GNOME Bugzilla – Bug 681085
SoupTLD not correctly detecting the public TLDs
Last modified: 2012-08-07 10:12:32 UTC
The patch for https://bugzilla.gnome.org/show_bug.cgi?id=679230 basically broke the is_public_suffix() method and our tests didn't detect that. So we basically have to fix this and also improve the unit tests in order to allow us to catch those regressions.
Created attachment 220164 [details] [review] Patch
Comment on attachment 220164 [details] [review] Patch >Both soup_tld_is_public_suffix() and soup_tld_get_base_domain() were not >working properly after cbae89f4 "working properly" according to what definition? In particular, why is it that you want them to behave differently from the mozilla reference implementation? >used was not cheking for exact matches in the case of is_public_suffix() ^ typo
(In reply to comment #2) > (From update of attachment 220164 [details] [review]) > >Both soup_tld_is_public_suffix() and soup_tld_get_base_domain() were not > >working properly after cbae89f4 > > "working properly" according to what definition? In particular, why is it that > you want them to behave differently from the mozilla reference implementation? Basically I asked Sergio yesterday why soup_tld_is_public_suffix(".com") was returning FALSE, assuming it was broken. He seemed to agree with this. If this is working as specified how are we meant to use the API to figure out that (simple?) question. Maybe it's just the documentation being very unclear, but it seemed to me that call should return TRUE.
(In reply to comment #2) > (From update of attachment 220164 [details] [review]) > >Both soup_tld_is_public_suffix() and soup_tld_get_base_domain() were not > >working properly after cbae89f4 > > "working properly" according to what definition?
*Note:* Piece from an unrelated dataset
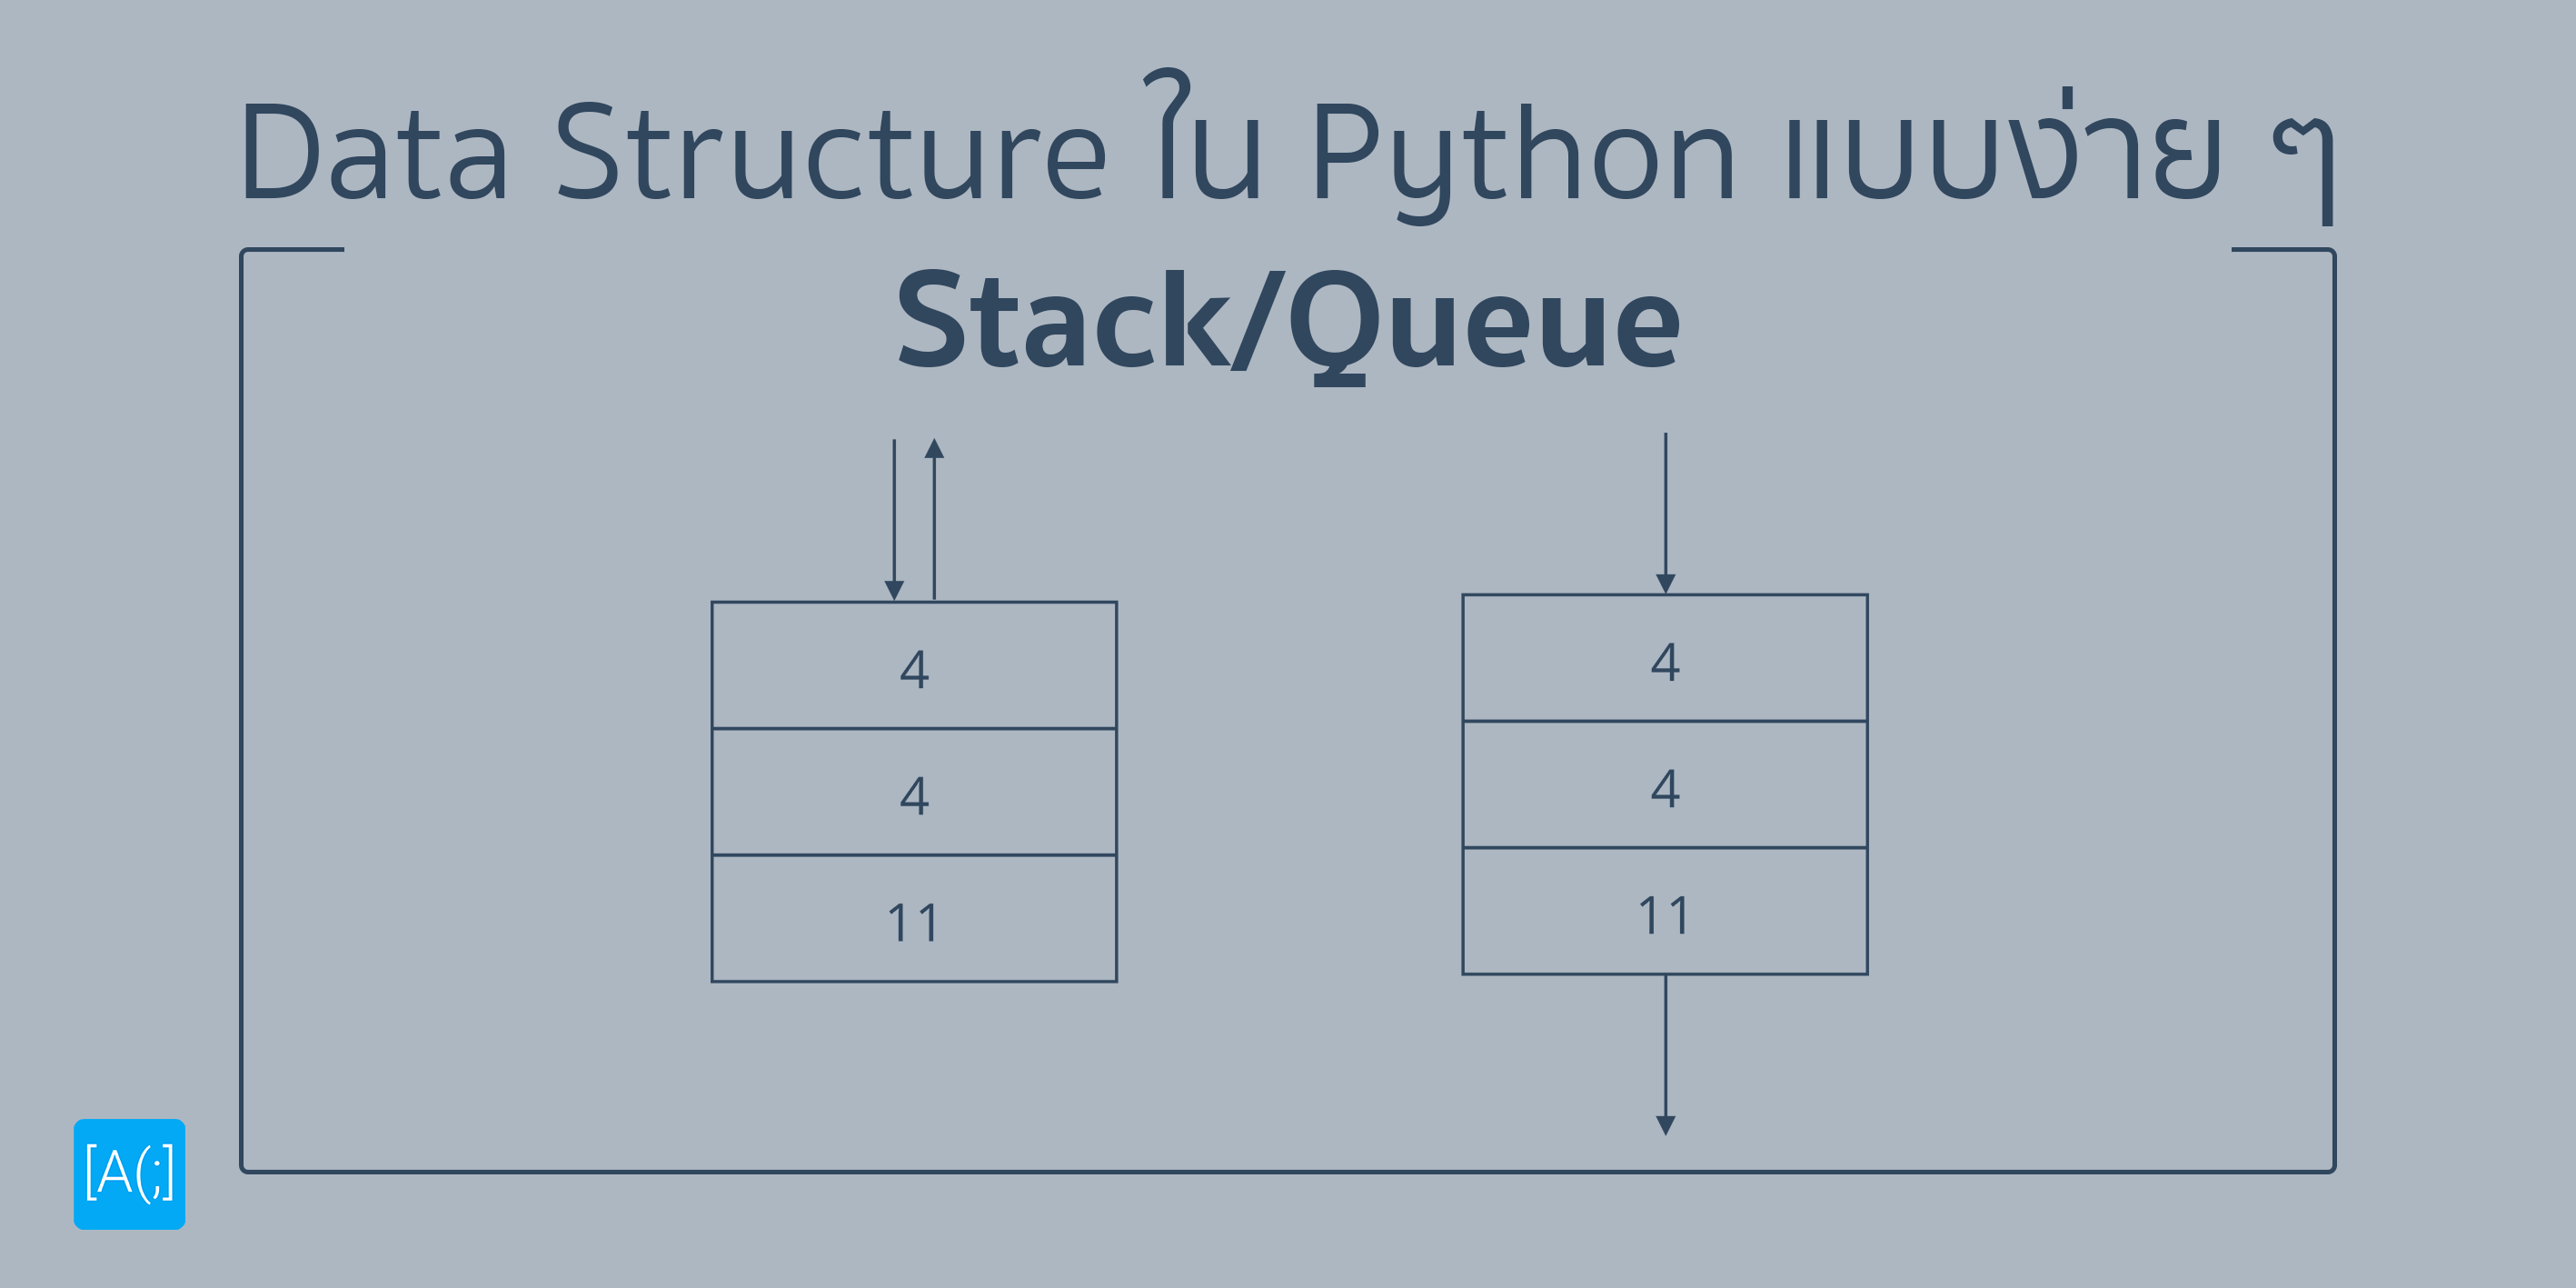 Data Structure ใน Python แบบง่าย ๆ (ตอน Stack/Queue)

In particular, why is it that > you want them to behave differently from the mozilla reference implementation? According to our definition :). I meant, as Xan said things like (".com") are clearly public suffixes, the original implementation was returning TRUE for it and after the change I mentioned it started to return FALSE. Thing is that they were working as expected in the original code, then we regressed them but didn't notice because the tests were not good enough, and weren't able to detect such regressions. Regarding the Mozilla implementation, the thing is that they were always different because they don't even have the same API as we have. Mozilla provides a GetPublicSuffix() method instead of a is_public_suffix() as we have, which does not exactly the same. On the other hand that method does not make sense on its own, in the sense that it is only meant to be used by their cookie service, which is the one that performs some additional checks in order to know if they can set a cookie for a particular domain or not.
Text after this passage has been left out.